2 mars (Reuters) – Le géant pétrolier public saoudien Aramco (2222.SE), a fermé sa raffinerie de Ras Tanura après avoir été touché par un drone, a déclaré lundi une source industrielle, ce qui semble indiquer une escalade au troisième jour des frappes lancées par Téhéran dans toute la région en réponse à l’attaque américano-israélienne contre l’Iran.
Le complexe de Ras Tanura, situé sur la côte du golfe Persique, abrite l’une des plus grandes raffineries du Moyen-Orient, avec une capacité de 550 000 barils par jour (bpj), et sert de terminal d’exportation essentiel pour le pétrole brut saoudien.
Ras Tanura a été fermé par mesure de précaution et la situation est sous contrôle, a déclaré la source.
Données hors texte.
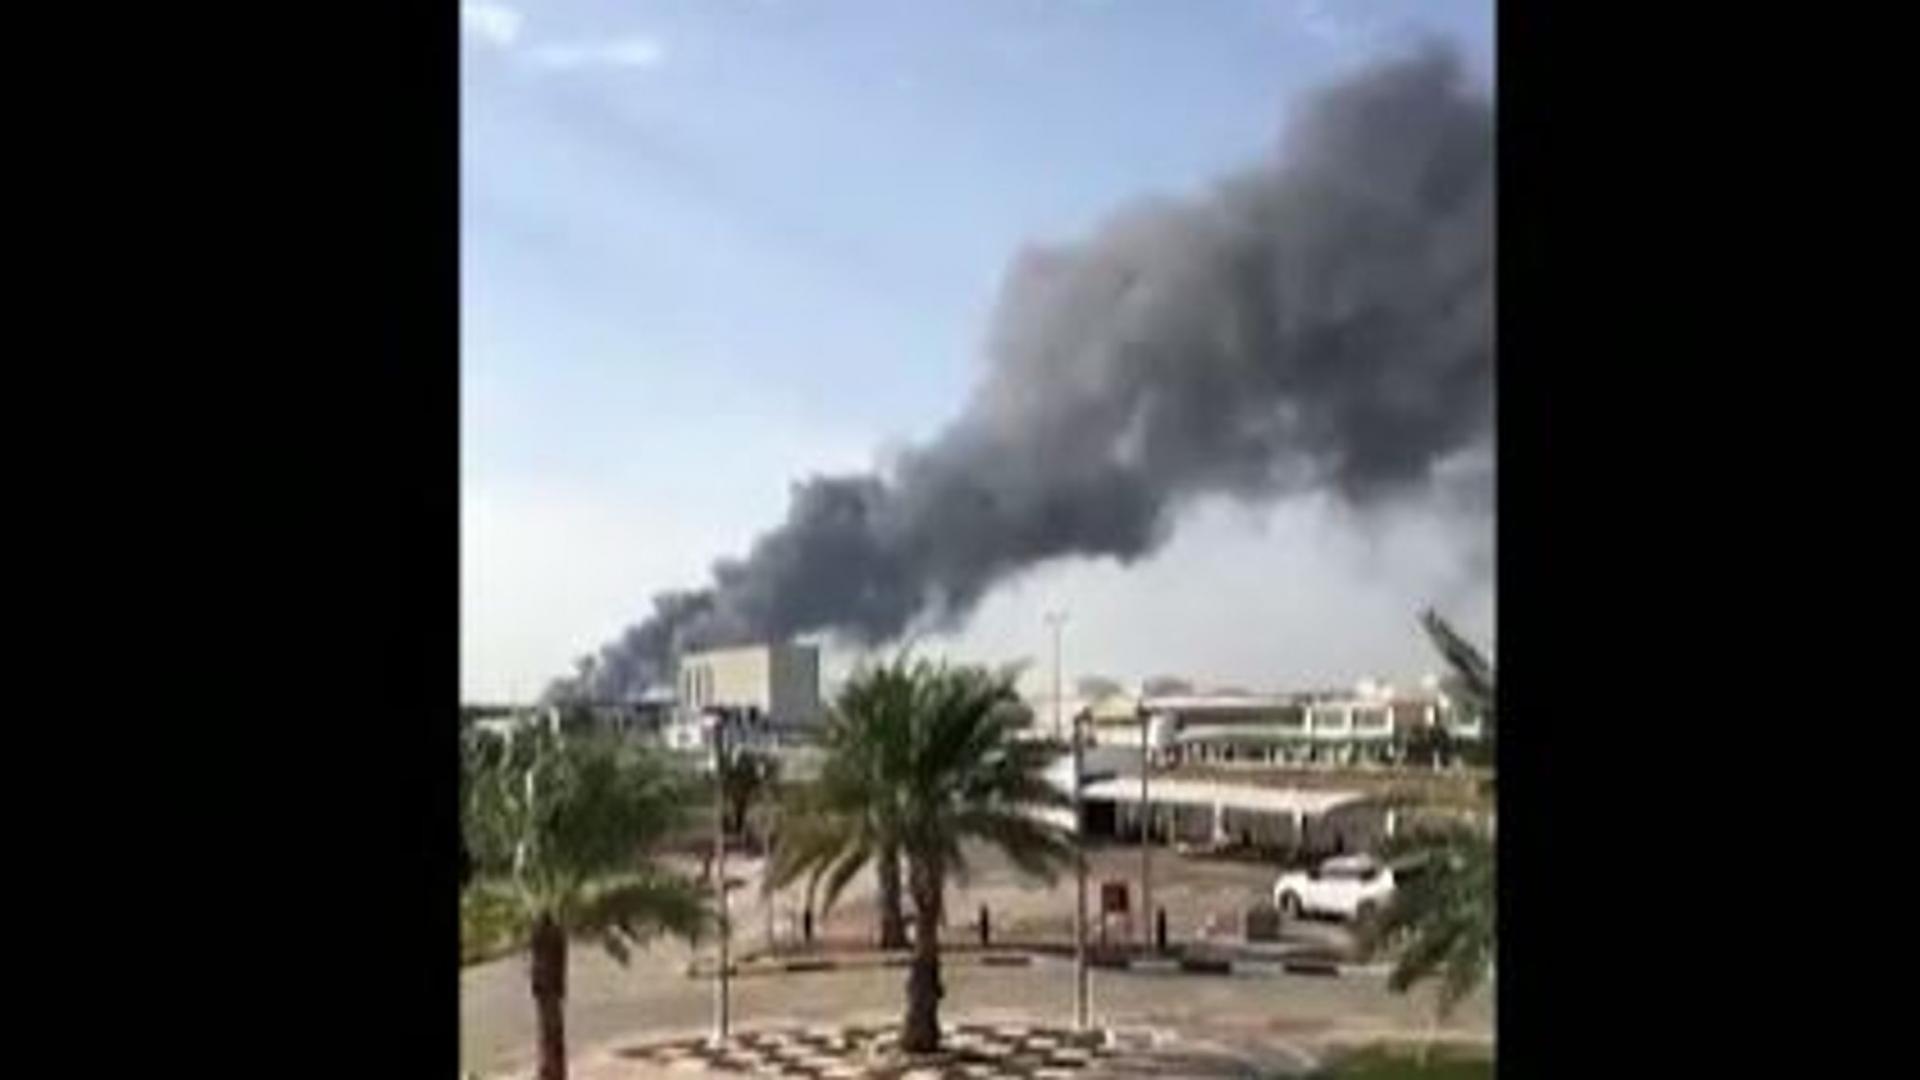 EAU: Attacchi con droni a Abu Dhabi, almeno 3 morti

Deux drones ont été interceptés dans l’installation, et les débris ont provoqué un incendie limité, a déclaré le porte-parole du ministère saoudien de la Défense sur la chaîne de télévision Al Arabiya, ajoutant qu’il n’y avait pas eu de blessés.
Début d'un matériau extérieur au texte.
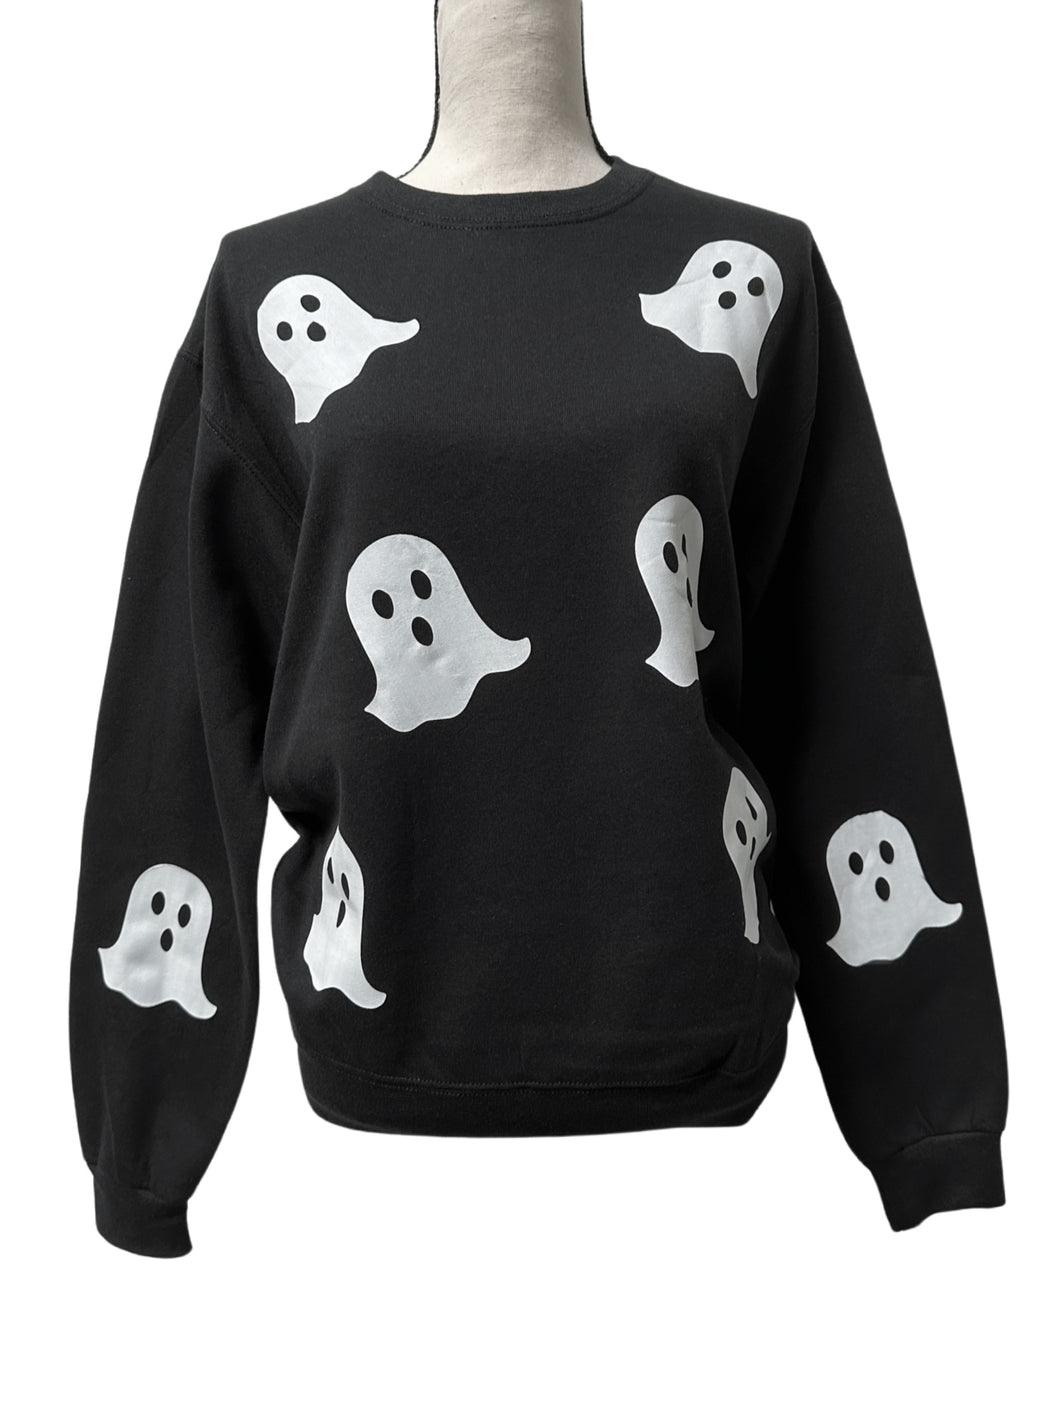 Ghostie Sweatshirt (Adults)

Sa fermeture risque d’aggraver les inquiétudes liées à l’approvisionnement, car le trafic maritime dans le détroit d’Ormuz, par lequel transite environ un cinquième de la consommation mondiale de pétrole, est pratiquement à l’arrêt depuis que des navires ont été attaqués dimanche dans ses environs. Les contrats à terme sur le Brent ont bondi d’environ 10 % lundi.
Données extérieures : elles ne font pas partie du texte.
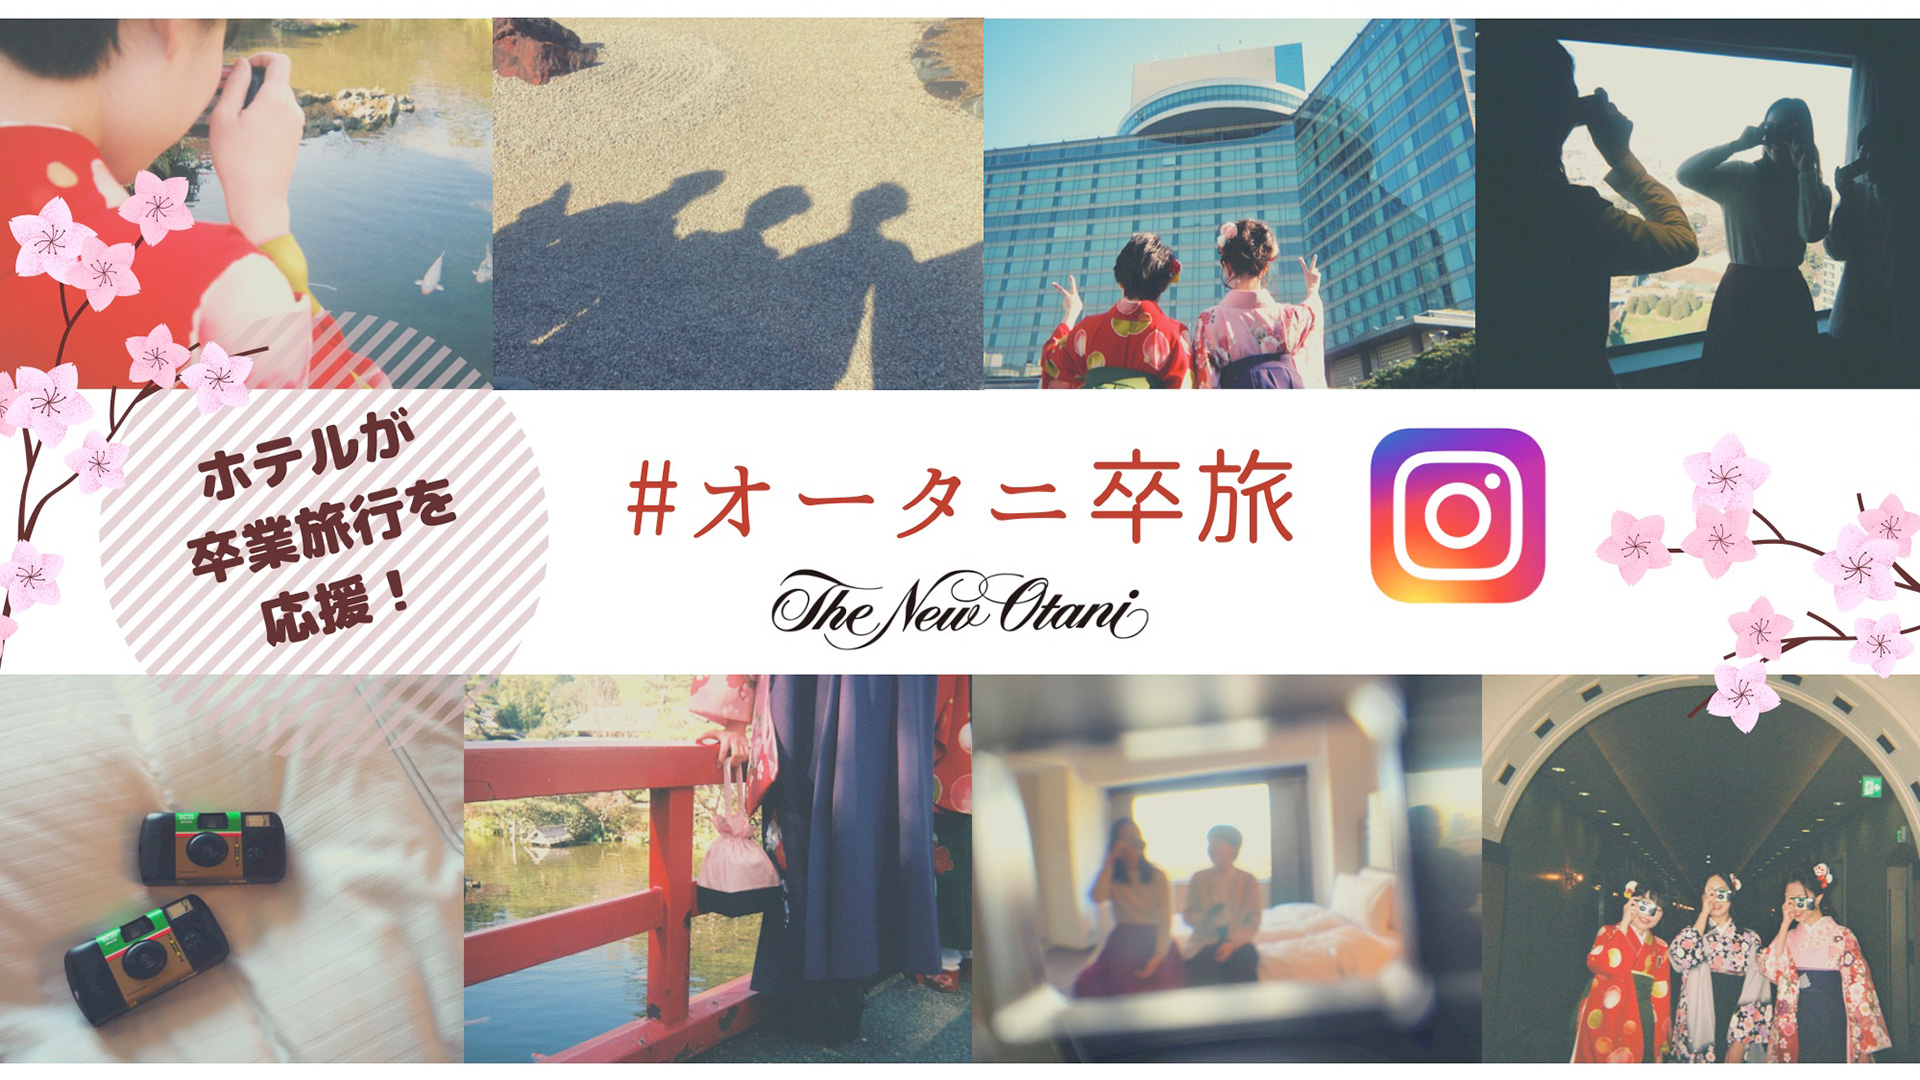 ホテルが卒業旅行を応援！#オータニ卒旅 Instagramキャンペーン

« L’attaque contre la raffinerie saoudienne de Ras Tanura marque une escalade significative, les infrastructures énergétiques du Golfe étant désormais clairement dans le collimateur de l’Iran », a déclaré Torbjorn Soltvedt, analyste principal pour le Moyen-Orient chez Verisk Maplecroft, une société spécialisée dans l’analyse des risques.
« Cette attaque devrait également inciter l’Arabie saoudite et les États voisins du Golfe à se rapprocher des opérations militaires américaines et israéliennes contre l’Iran. »
Cette attaque de drones s’ajoute à une vague d’attaques dans la région, notamment à Abu Dhabi, Dubaï, Doha, Manama et le port commercial de Duqm à Oman. La plupart des installations de production pétrolière de la région du Kurdistan irakien, qui exportait environ 200 000 barils par jour vers la Turquie en février, ont été fermées pendant le week-end par mesure de précaution, ont déclaré les opérateurs sur le terrain.